Friday, May 1, 2026
Mark Bourrie
- As Internet use takes hold in the Canadian Arctic, the new media is being seen both as a saviour and a threat.
The technology is being used to sell Inuit art, to carry e-mail, local news, distance education courses, and government services. In the high Arctic, its use is somewhat limited because of the lack of broadband capability.
In the near-north – isolated parts of Canada that are accessible only by airplane but are within range of satellites – broadband Internet is letting communities hook up to medical services in the south and to host mirror sites for Inuit commercial ventures.
Inuit have quickly adapted to the Internet, says Joe Mauryauma of the Inuit-owned Nunavut WWW Communications, based in Iqualuit on the high Arctic Baffin Island. About one-half of the town’s homes – some 1,000 dwellings – have dial-up Internet access.
The technology reached the high Arctic about six years ago, he said.
”We make the best of it, even though we don’t have broadband. We know that it’s coming, that it’s just a matter of a few years. The Internet has given us an instant link to the world,” Mauryauma said.
Inuit art and other aboriginal-owned companies have set up mirror Internet sites in the sub-Arctic community of Yellowknife, which has broadband access. Ordering is done through forms that can be handled by the telephone dial-up systems in Iqualuit and other Arctic communities hundreds of kilometres away.
But Mauryauma believes the Internet has also widened a cultural gap between generations. Most Inuit elders speak only Inuktitut, a language that has its own alphabet; they get very little from the Internet, he says.
George Goose, a spokesman for the Nunavut Territory’s Language Department, says the Internet has also created a gulf between urban Inuit and those who live the traditional nomadic lifestyle.

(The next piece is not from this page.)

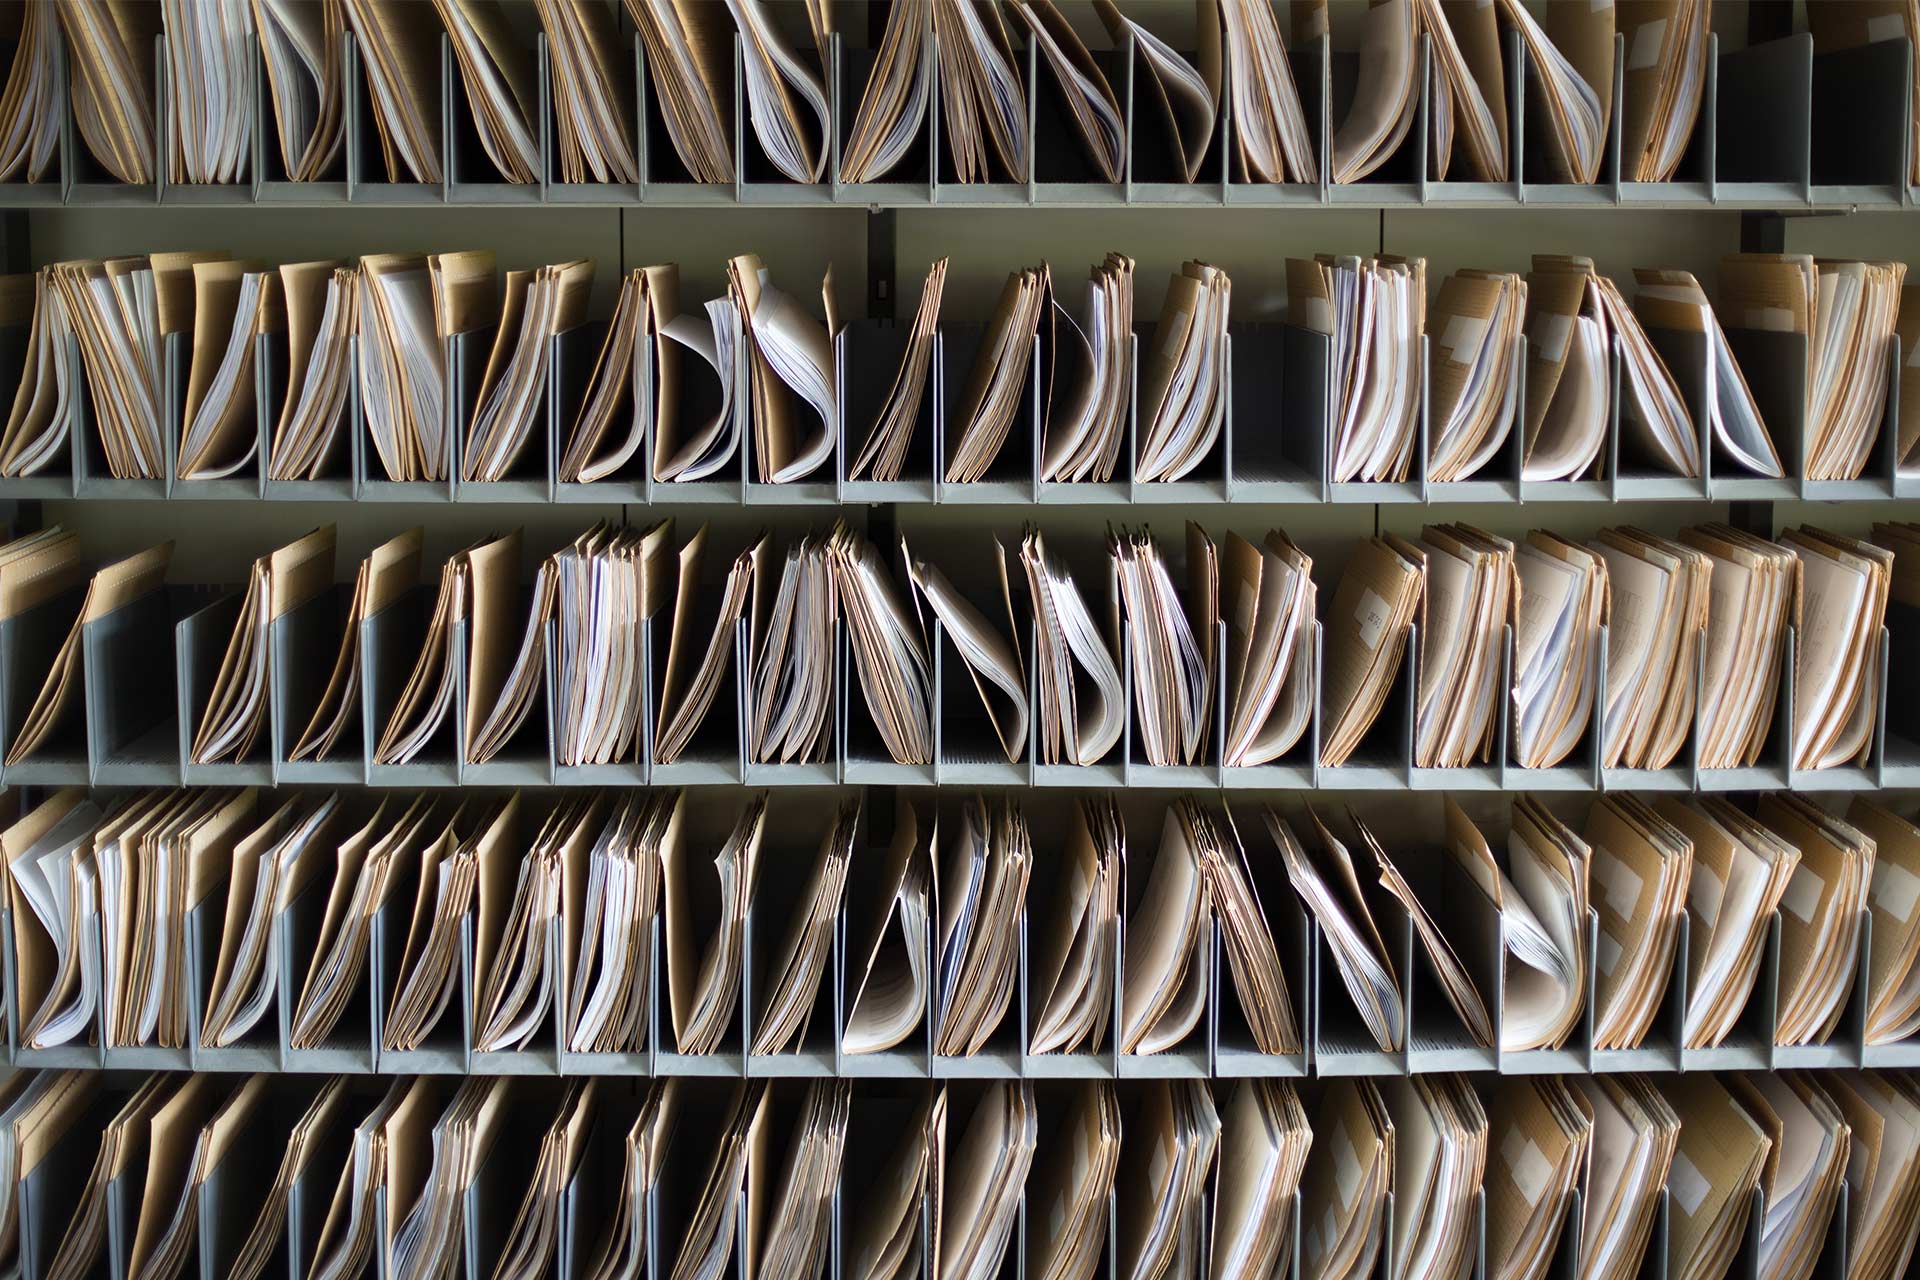 Filas de documentos de papel en carpetas organizadas en compartimentos.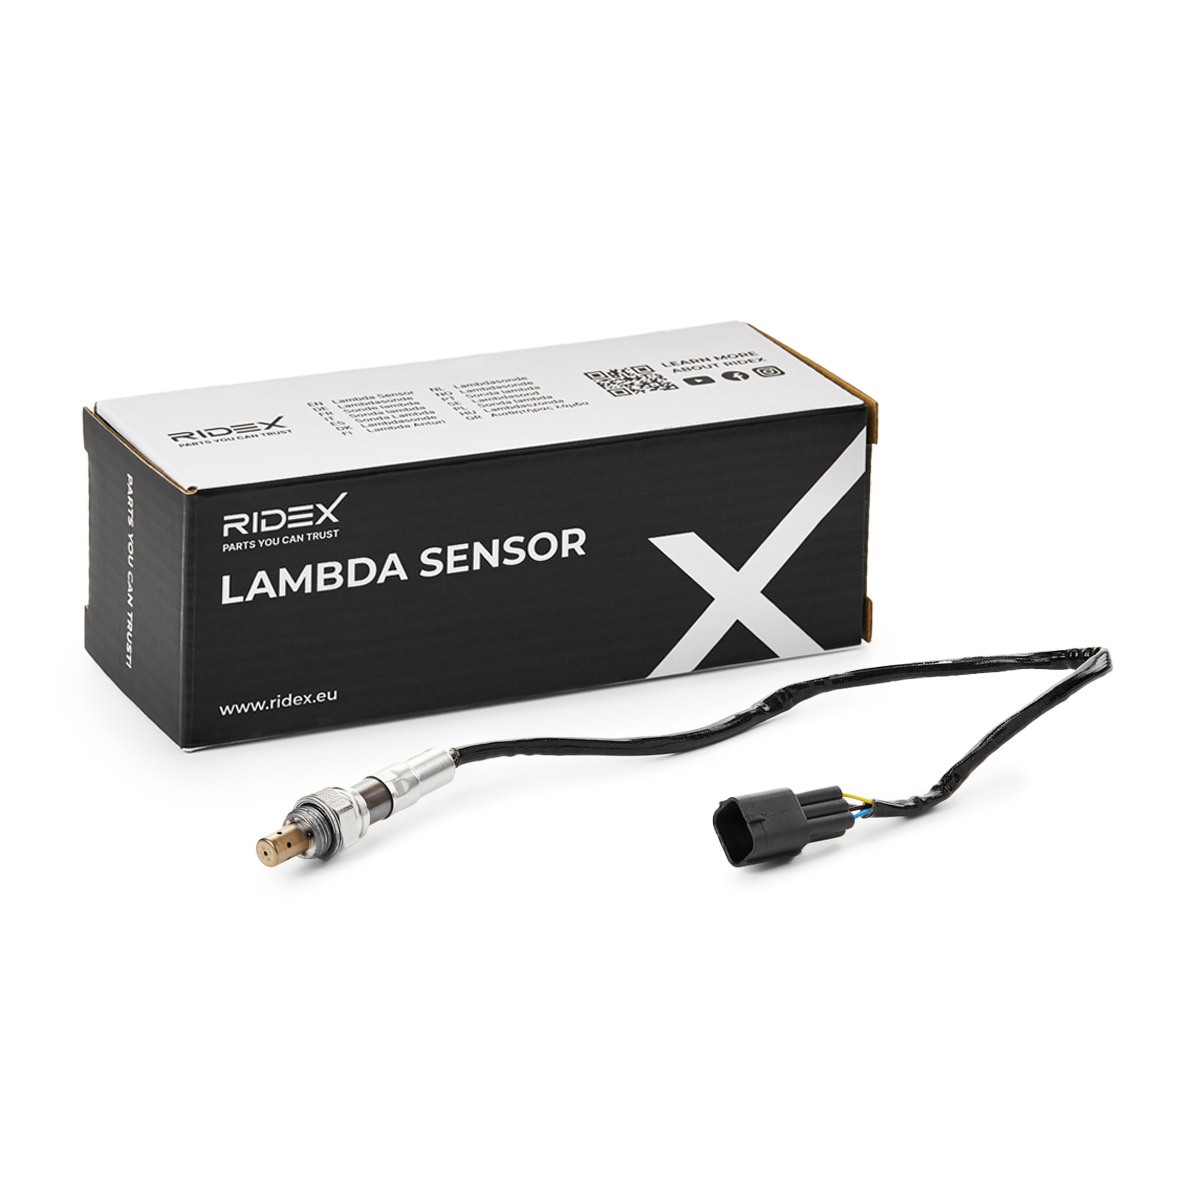 RIDEX 3922L0816 Lambda sensor Broadband lambda sensor, black, 5

”People who are out on the land aren’t going to log onto the Internet, even if they could,” Goose said in an interview. ”Traditional Inuit living is very hard. Most of their waking time is spent trying to make a living.”
But filmmaker Zacharias Kunuk says Inuit women have already experimented with wireless Internet technology while they were "out on the land".
Based in the high Arctic community of Baffin Island, Kunuk says his company has access to e-mail via government-owned fibre-optic lines, but the rest of the community of 500 people is waiting eagerly for Internet service.
”I think it may be as important to us as the GPS (global positioning system, which enable people to get their bearings in the wilderness), he said in an interview Wednesday.
”I don’t think people understand what it is they’ll be getting. Right now, the e-mail is the big thing. People here have not seen the rest of the material on the Internet."
Marie Francoise Guedon, a University of Ottawa professor and one of the world’s leading experts on the culture of the Dene Indians of the Arctic and subArctic, calls the Internet the latest assault on traditional cultures.
”Any northern aboriginal people who settle in communities and who have electricity will have access to this technology. Is it fair to tell Inuit or Dene kids that they can’t use it? Is it possible to even try?” she said.
”The loss to the world of traditional world views and cultures is very great, but, at the same time it’s almost impossible to stop unless the people themselves choose to somehow integrate the new media into their culture and to carefully protect their languages and traditions,” she told IPS.
"Is it happening? In some ways, I would say yes, but maybe not with the critical mass that’s needed.”
But Kunuk, director of the critically acclaimed film ‘Atanarjuat’ (The Fast Runner), based on an ancient Inuit myth, believes Inuit culture and language can survive the new technology.
”Children learn English in schools and speak Inuktitut at home. I don’t think that’s changing,” he said.
A partner in Isuma Igloolik Productions, a feature film and television company specialising in Inuit stories, Kunuk says the Internet has already become a necessity for him.
He tracks local news through an Arctic-based web site, communicates with his Montreal-based distribution office by e-mail and sells his films through a web site hosted in southern Canada.
”I do see it changing our lives, but the change is for the better. And no matter what, it is coming.”
Mauryauma and supporters of Arctic Internet access say the technology can provide the north with lifesaving links to the world.
For instance, in isolated Canadian wilderness communities that have broadband access, small hospitals can be linked to larger medical centres in major cities, allowing specialists live access to MRI pictures and a means to give advice during surgery.
”I don’t think the clock will be turned back," says Mauryauma. ”The people who live here want the same access to the Internet that everyone else has. I think it’s a matter of fairness,” he said.